Various of the courts of our sister States have upheld the defendant only where it affirmatively appears that the plaintiff was not in or upon the automobile.
In Ross v. Protective Ind. Co. (135 Conn. 150) recovery was denied to the plaintiff where plaintiff and another were standing on a highway at the rear of plaintiff’s car and talking when they were struck by another car.
The court held that those facts constituted entering within the policy.
Reviewing these decisions and analyzing the facts at bar this court feels that the plaintiff is entitled to recover the stipulated payment as set forth in defendant’s policy. Under the construction placed by the defendant upon the clause in issue, it would follow that it would be necessary for plaintiff’s wife to stand where she was at the time she first observed the hit and run vehicle and permit herself to be struck by it while continuing her efforts to lock the door of the car. Certainly this cannot be the construction by this court of the terms used by the defendant in writing this policy.
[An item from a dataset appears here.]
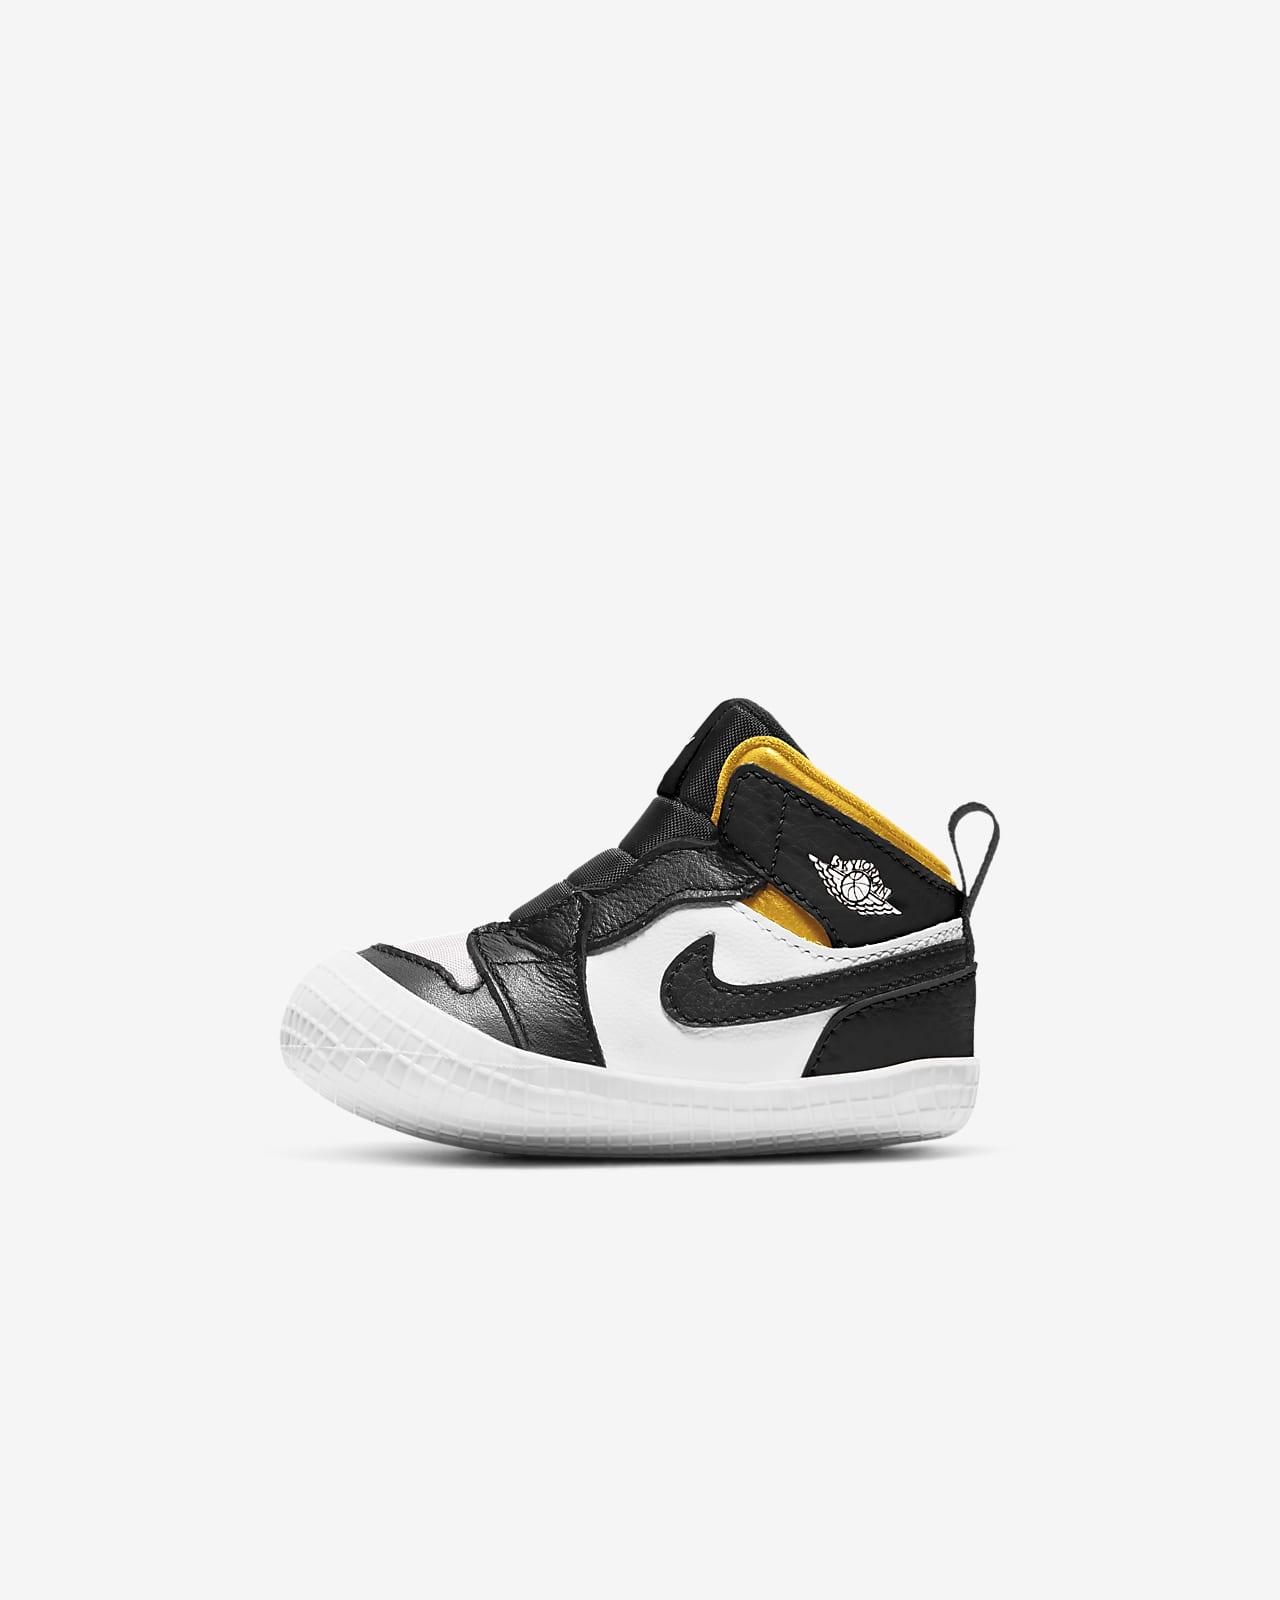 Jordan 1 嬰兒靴款

Such a determination would be repugnant to every principle of common decency. The
Under the circumstances it is my opinion that the injuries sustained by plaintiff’s wife were occasioned while in the act of being upon and alighting from the plaintiff’s vehicle and 1 therefore find that plaintiff is entitled to recover from the defendant the sum of $500 with interest and I direct the clerk of this court to enter judgment accordingly. Ten days’ stay of execution.